7 ways to preparing for the 2021-2022 school year

The beginning of the new school year is only a few weeks away. With the rise of COVID19 once again, there are many unanswered questions and much uncertainty in regards to what the 2021-2022 school year will look like. As it stands most schools might require students to wear masks throughout their school day, some may opt not to. Many colleges and other higher education facilities are requiring proof of vaccination, others are not. Whatever the final decision may be for your specific school district and learning institution, there are steps you should follow to ensure your student is mentally and physically ready to do their best this upcoming school year.

Whether your child will attend school in person or online, here are a few suggestions to best prepare your child for a positive and successful year:

1. The importance of mental health and readiness

Make sure to keep open communication with your child. Validate all positive and anxious feelings and be age-appropriately honest with them at all times.
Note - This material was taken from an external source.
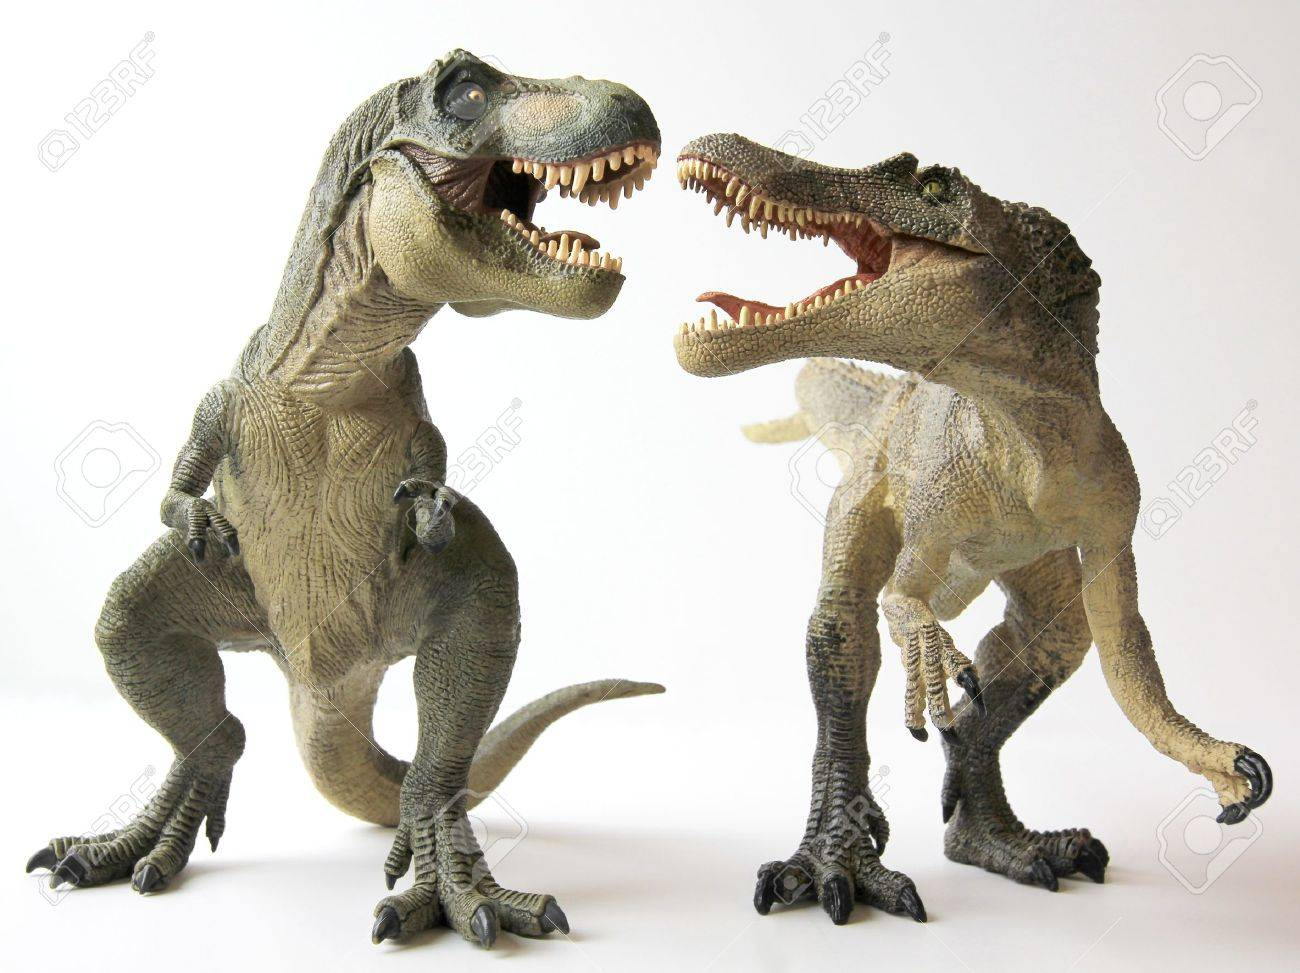 A Tyrannosaurus Rex Dinosaur Battles with a Spinosaurus - 9077272

Your attitude and beliefs will have a huge impact on your child’s thoughts and emotions, so make certain to engage with positivity and confidence. Children will feed off of you. If you are cool, calm and collected, so will they.

2. Have a clear plan for your family’s safety

Whatever your stance is on the benefits of masks and vaccination, have a clear plan about how your child and your family will stay safe amidst our current COVID circumstances, as well as when they change for better or worse. Know your school’s rules and cleaning protocols. Practice your specific safety plan depending on your choices and your school’s requirements (ie: proper handwashing, mask-wearing, social distancing and/or vaccinations). The clearer your plan, the better off everyone will be.

3. Encourage your student’s participation and input in the preparations

Depending on your child’s age, ask for their input on schooling decisions such as safety planning and specific details that would make them feel happier and more confident for their new school year. Create excitement in back-to-school shopping and allow your child choices for their supplies and clothing, as well as their at-home study area, when appropriate.

4. Scholastic readiness

Summer break is incredibly beneficial. We all need a break to renew and refresh, however, summer break is long and the summer slide is real. Take time every day to get back into a positive learning routine. Instill the importance of reading every day, enjoy some math games to brush up on past skills, go to a museum to explore science, history and art topics. The more you share in the value of learning, the more your child will adopt these positive attributes to their education.

5. Meet with your teacher(s)

When your school makes this information available, make sure you and your child have the opportunity to meet your teacher(s), whether virtually or in person, so you can get to know and feel comfortable with each other. Share fears and concerns and allow the teacher the opportunity to bond with your student. Be supportive of your teacher(s) and make sure you know their preferred way of communication and what they might need from you. Great communication from the start is key!

6. Set a clear schedule 

With your child’s input, set bedtimes and wake up, breakfast and departure times for each school day, then run through their daily at-school schedule and after-school expectations in regards to after-school activities and homework. Establish these clear routines and stay true to them throughout the year, with reasonable adjustments when necessary.

7. Create a backup plan

Should brick-and-mortar, in-person schools have to shut down again, have a clear plan in place for your child’s care and schooling. Know where your child will go, who will be able to look after them, as well as a nice, comfortable and convenient place for them to continue their schooling without distraction or interruption.

The 2021-2022 school year will most likely be another one for the books. Rules and protocols might change and we will comply and adapt to whatever will be best for our children and our families. Most importantly, as parents, we must take care of ourselves so we can best care for our children. If you find it challenging to remain positive or are feeling anxious, please make sure to seek help and guidance as well. Our children depend on us. We must make sure that, even during these most difficult times, we are at our best physically and mentally as well.